A workflow like "run this command before editing the notes page" belongs next to that workflow, with an owner and a reason it exists.
## Notes editor procedure
Applies to: apps/web/src/app/admin/notes
Before changing image upload behavior:
- verify pasted images
- verify drag-and-drop images
- verify preview and write mode render the same image size
If a procedure changes often, breaks often, or only applies to one part of the repo, do not bury it in global agent instructions.
Delete cleverness first.The more clever a workaround is, the more likely it becomes invisible debt. Hooks, aliases, prompt tricks, and special-case skills need extra suspicion.
Review the harness when the model changes.A model upgrade is not just a capability upgrade. It changes what instructions are useful. Some guardrails become unnecessary. Some vague instructions become newly dangerous because the model can now act on them more effectively.
Keep proof paths explicit.The agent should know how work gets proven: tests, builds, screenshots, logs, review surfaces.
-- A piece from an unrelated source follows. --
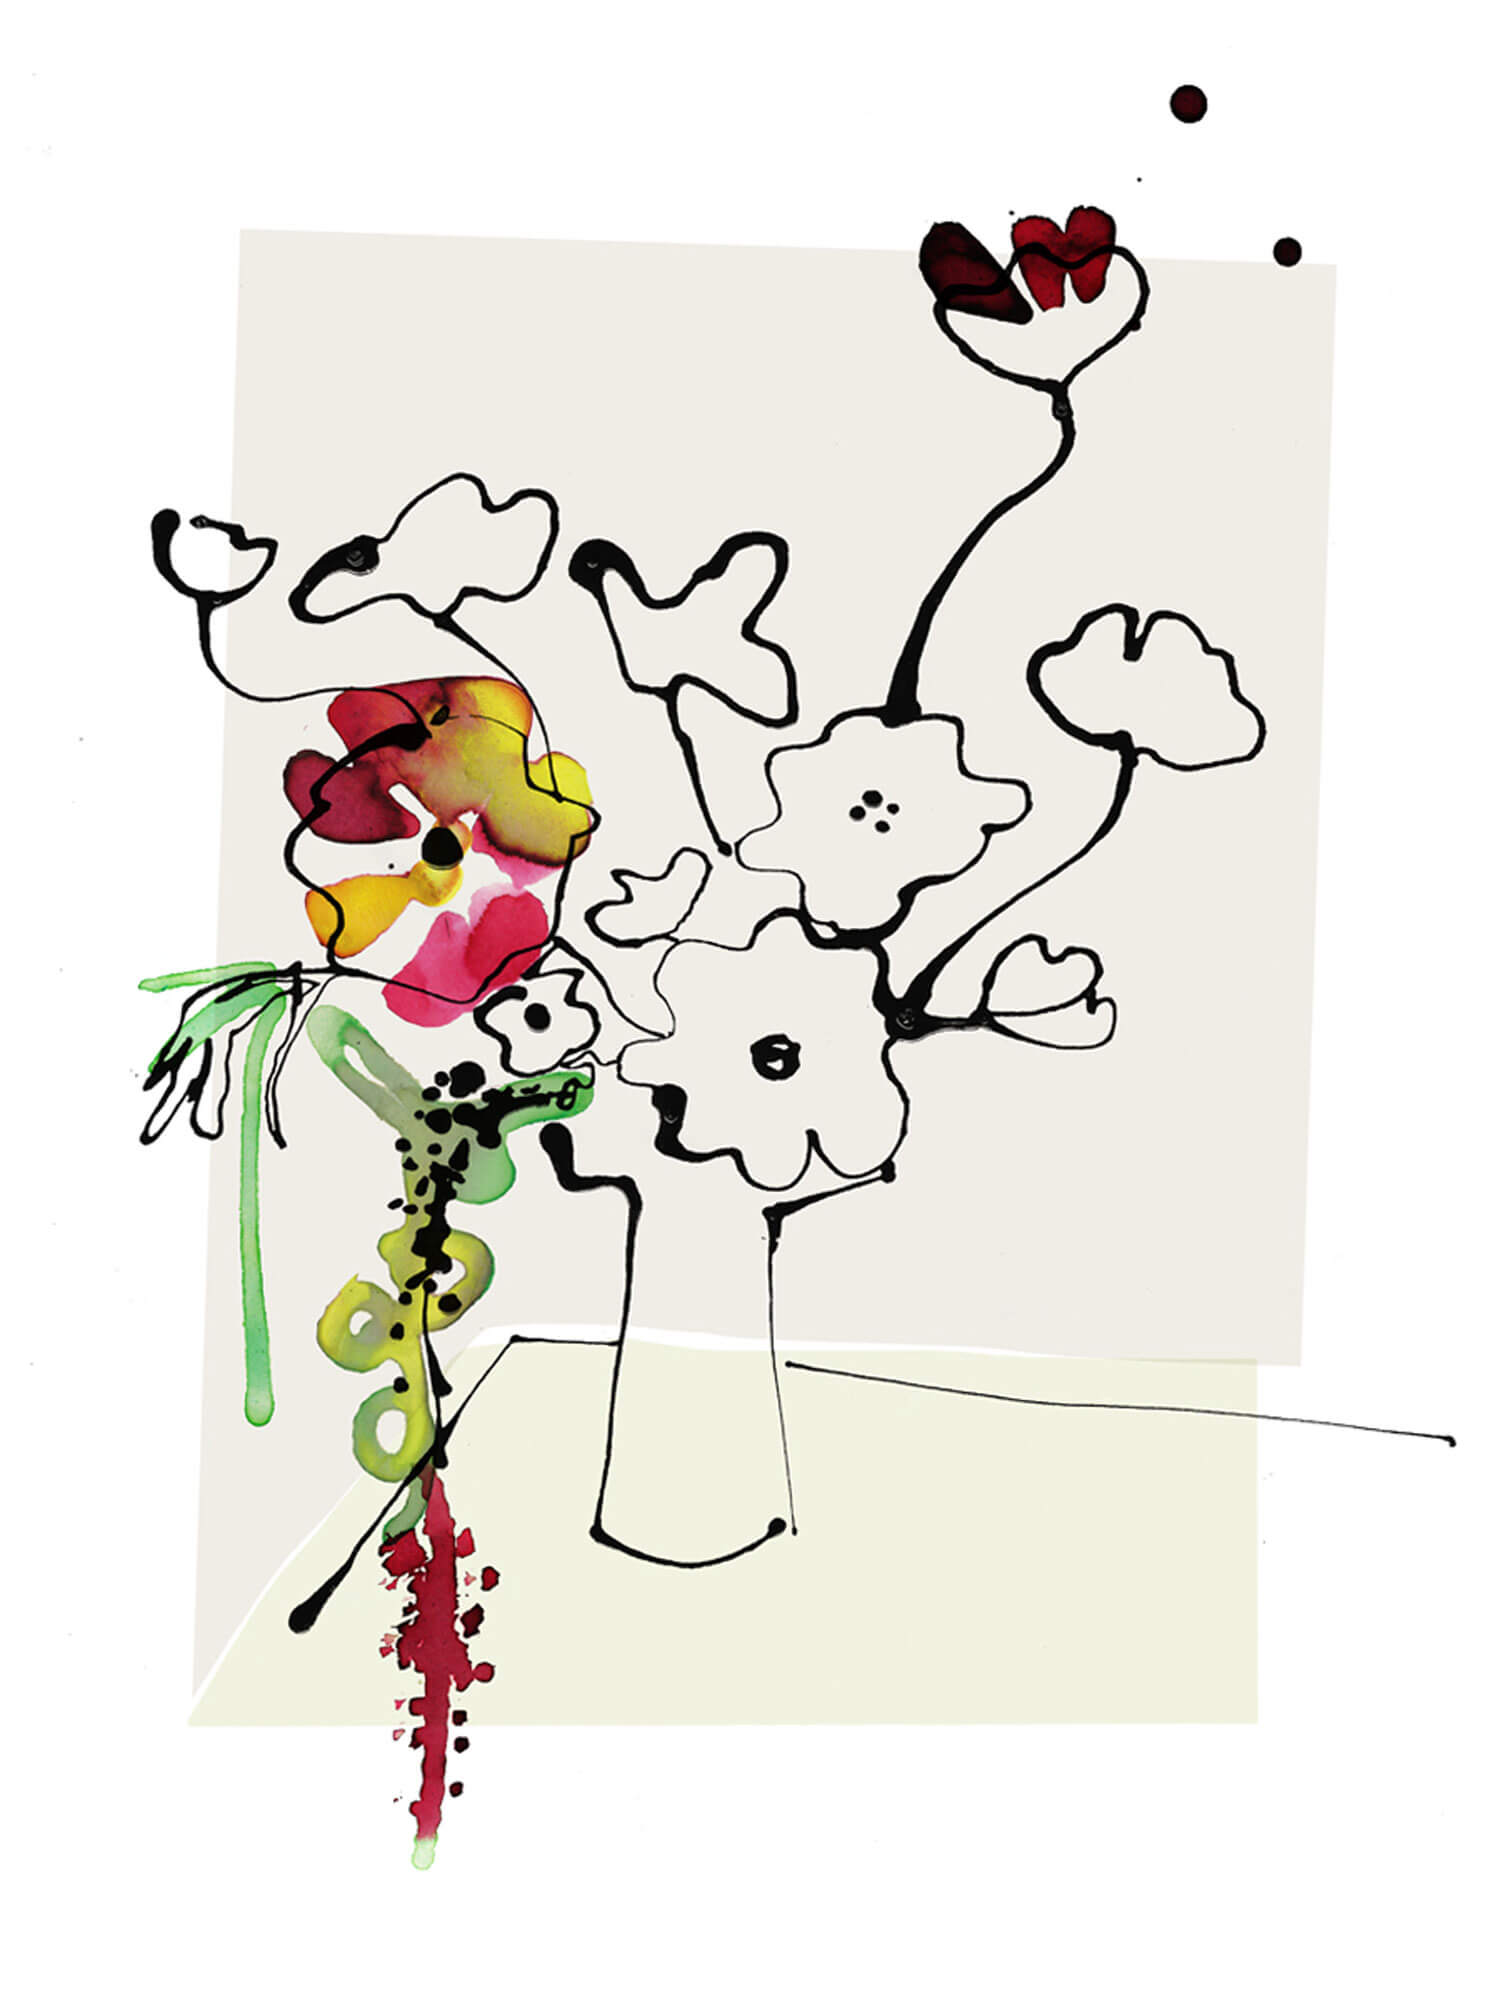 Florals – Illustrating Spring’s Arrival

But those proof paths need maintenance too. A stale validation command is worse than no command because it creates fake confidence.
The Cost Moves To Coherence
The hard part is not getting agents to write more code. That part is getting cheaper.
The hard part is keeping the system coherent while more code, prompts, hooks, rules, and workflows are being produced.
That is less glamorous than another demo of an agent generating a feature from a sentence. But it is probably where a lot of the real leverage is.
Once agents can make changes quickly, the expensive part is not generation.
The expensive part is keeping the system coherent after generation gets cheap.
Agent config is one of the places that coherence either survives or quietly decays.